А вдруг Эдди звонил, а Айр Сакс ничего не знает. У автомата внизу всегда толкутся люди, в то время, когда они не заняты передачей СПИДа друг дружке. Торгуют дурью и звонят в дерьмовые Никельрагуа и в Африку по ворованным кредитным карточкам, а если телефон звонит, они смотрят на него, как на свой персональный, и если ты не стоишь рядом, не снимешь трубку сам, они отвечают: «Таких здесь нет». И ничего никогда тебе не передадут. Мертвый Эдди мог звонить, а трубку снял никельрагуанец или африканец, и Айр Сакс ничего никогда не узнает.

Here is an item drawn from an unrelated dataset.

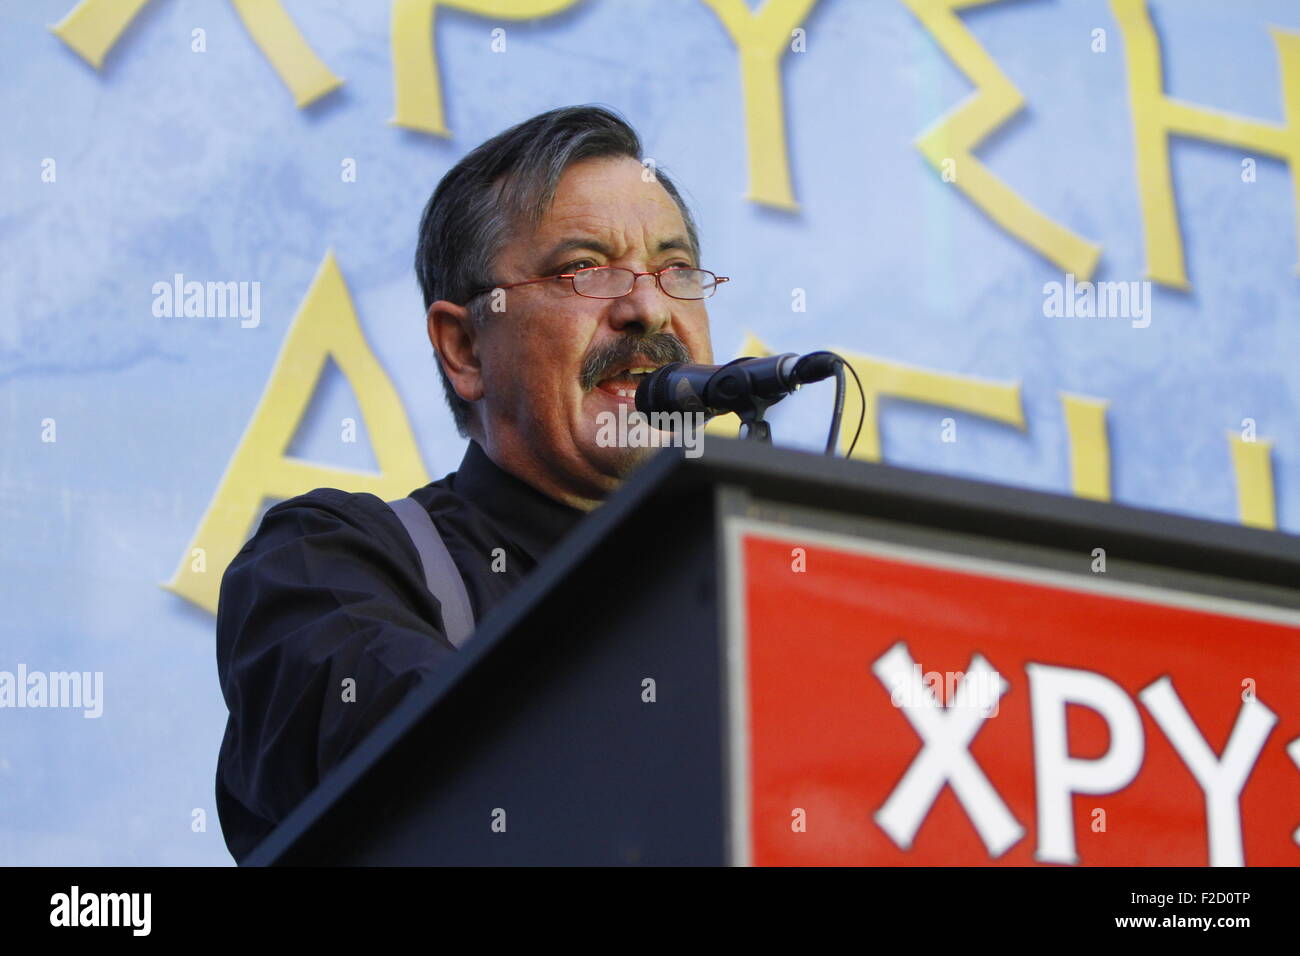 Athens, Greece. 16th September 2015. Golden Dawn MP (Member of Parliament) Christos Pappas addresses the election rally. Greek right wing  party Golden Dawn held an election rally in Athens, four days ahead of election day. The party hopes to gain enough seats in the election to become the third latest party in the Greek Parliament. Credit:  Michael Debets/Alamy Live News Stock Photo

Кто-то постучал в дверь? Мертвый Эдди? Или копы? Должно быть, ребята снизу настучали. Узнали его по картинке в газете и теперь получат премию. Какого черта не ответить на стук?
— Да?
— Дональд Дабро?
— Нету здесь… Срань господня! Ты?
— Открой дверь, Дональд.
— Ты одна? Как ты меня нашла?
— Открой дверь, Дональд.
* * *
Нашла меня! Срань господня! Ты — чувиха, которая заказала грохнуть Кэтрин Нейсмит, называющую себя Кейт? Ты, когда звонишь, всегда говоришь: Дональда Дабро, пожалуйста? Ты не сочла нужным сообщить о двадцати штуках в шкафу у эпидемиолога? Задавать вопросы непрофессионально? Это ты?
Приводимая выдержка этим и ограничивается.